With the S&P 500 down another 1.3% on Wednesday, and the Nasdaq down 1.87%, Bitcoin is looking strong at the $27,600 resistance.
Money printing hangover
The U.S. government and its economy are still coming to terms with all the money that was thrown at the COVID crisis. The ensuing rampant inflation has caused the Federal Reserve to raise interest rates to the most damaging levels for the economy, and Fed Chairman Powell has signalled that at least one more rate rise is possible even before the end of this year.
On top of this, the U.S. Treasury plans to borrow $1.85 trillion over this second half of the year just to fill up its own chest for now.
According to Politico, outside of the Fed and U.S. market concerns, it is in Europe and emerging markets where the spillover from money printing has been felt the most.
Dario Perkins, head of global macro research at TS Lombard, was quoted by Politico as saying in a note to clients:
“In trying to match Fed tightening and protect their currencies, some central banks – particularly in Europe – have been whipsawed into raising rates too aggressively,”
He added:
“The US post-COVID party has become a European hangover, another instalment of America’s exorbitant privilege.”
Bitcoin holding up well
Meanwhile, Bitcoin continues to be strong in the face of such rough times in traditional markets.

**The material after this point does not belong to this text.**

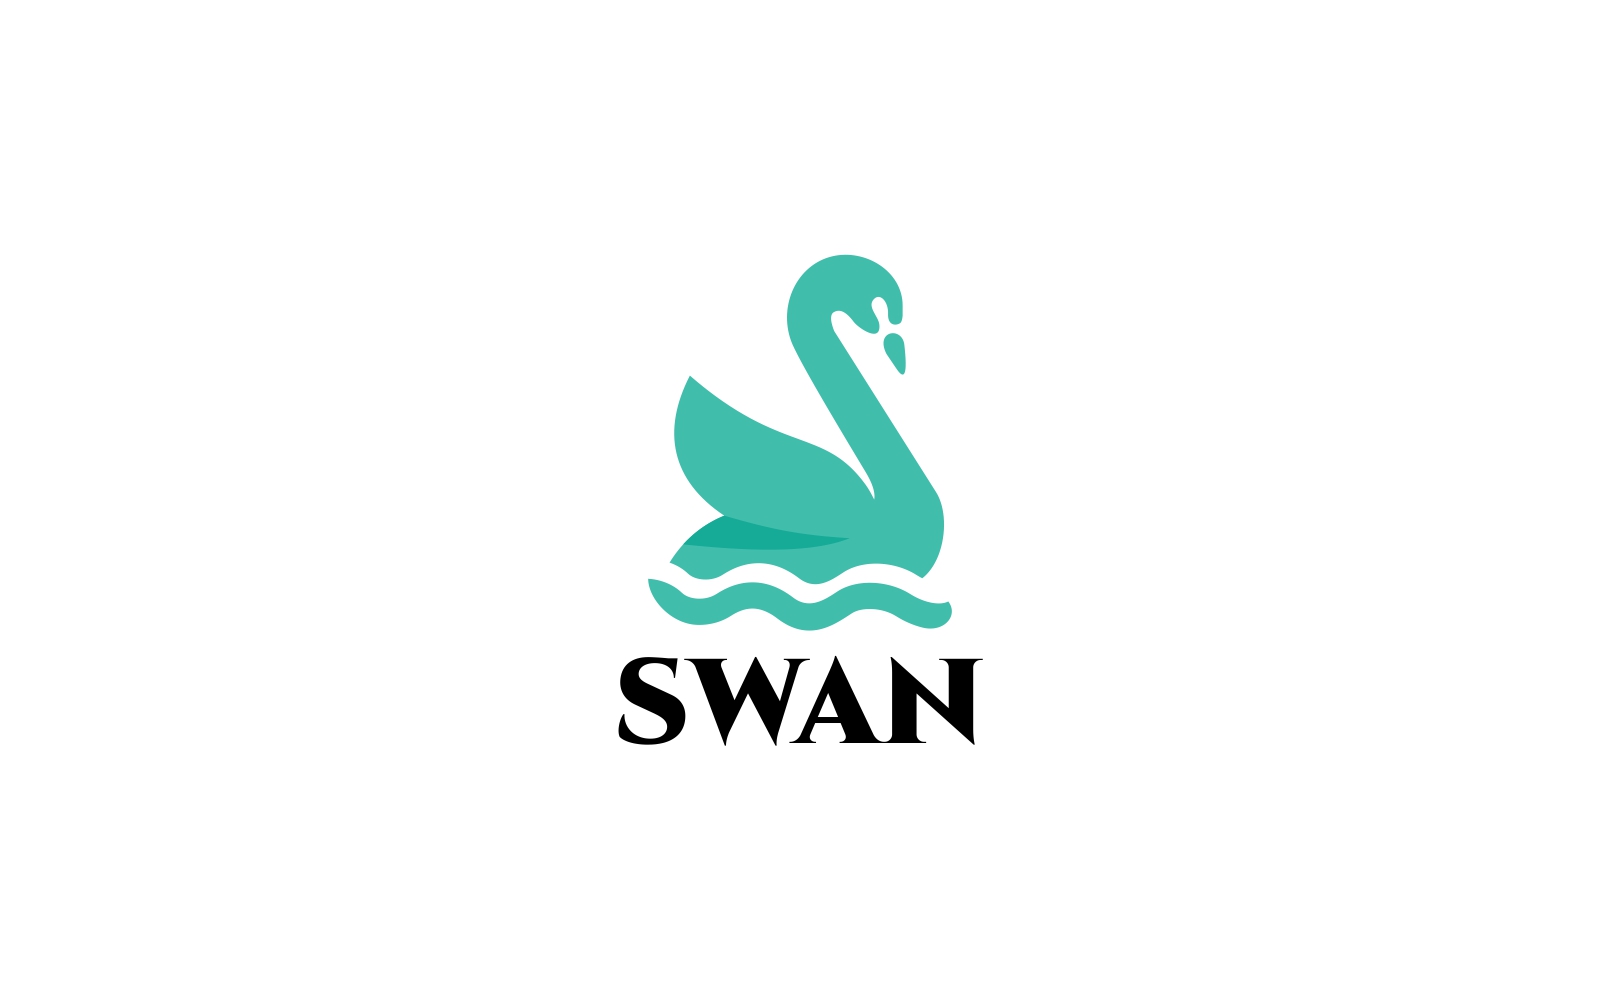 Swan Logo Template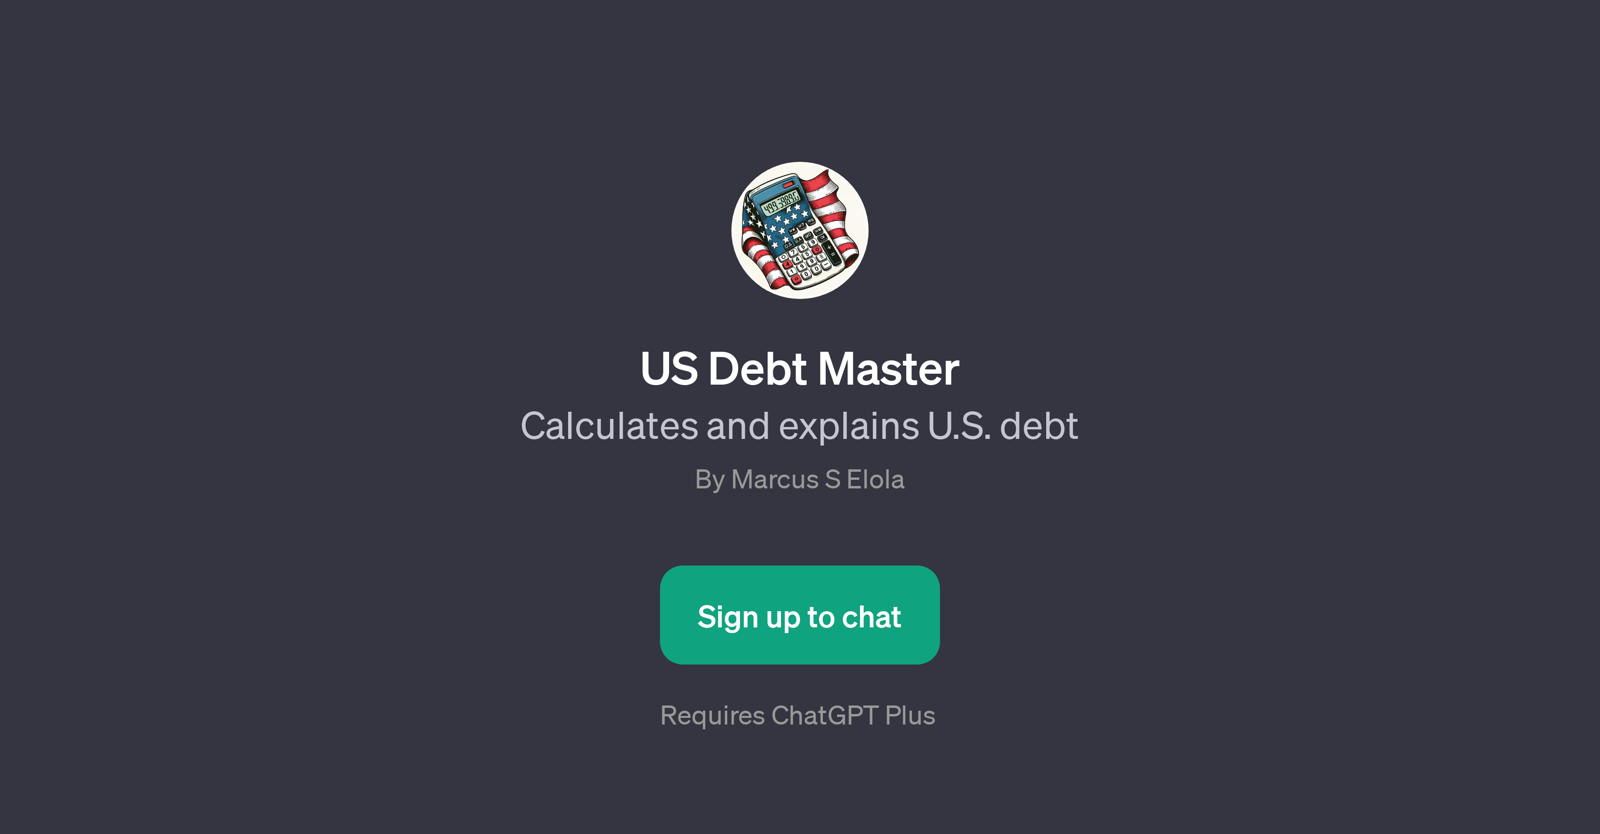 US Debt Master website

Something it has not done for a very long time.
The king of the cryptocurrencies is however still battling with resistance at $27,600. This is underneath the 200-week moving average, and should it fail to pierce these two barriers, a lengthening of the first phase of the Bitcoin bull market could take place.
Looking on the bright side of things, China is putting plenty of liquidity into its own markets in order to bolster its economy, and the U.S. can only be one big breakage away from opening the floodgates of its own printing press.
With the SEC stymied for now on practically all crypto fronts, Bitcoin could be relieved of its shackles to continue making gains.
Disclaimer: This article is provided for informational purposes only. It is not offered or intended to be used as legal, tax, investment, financial, or other advice.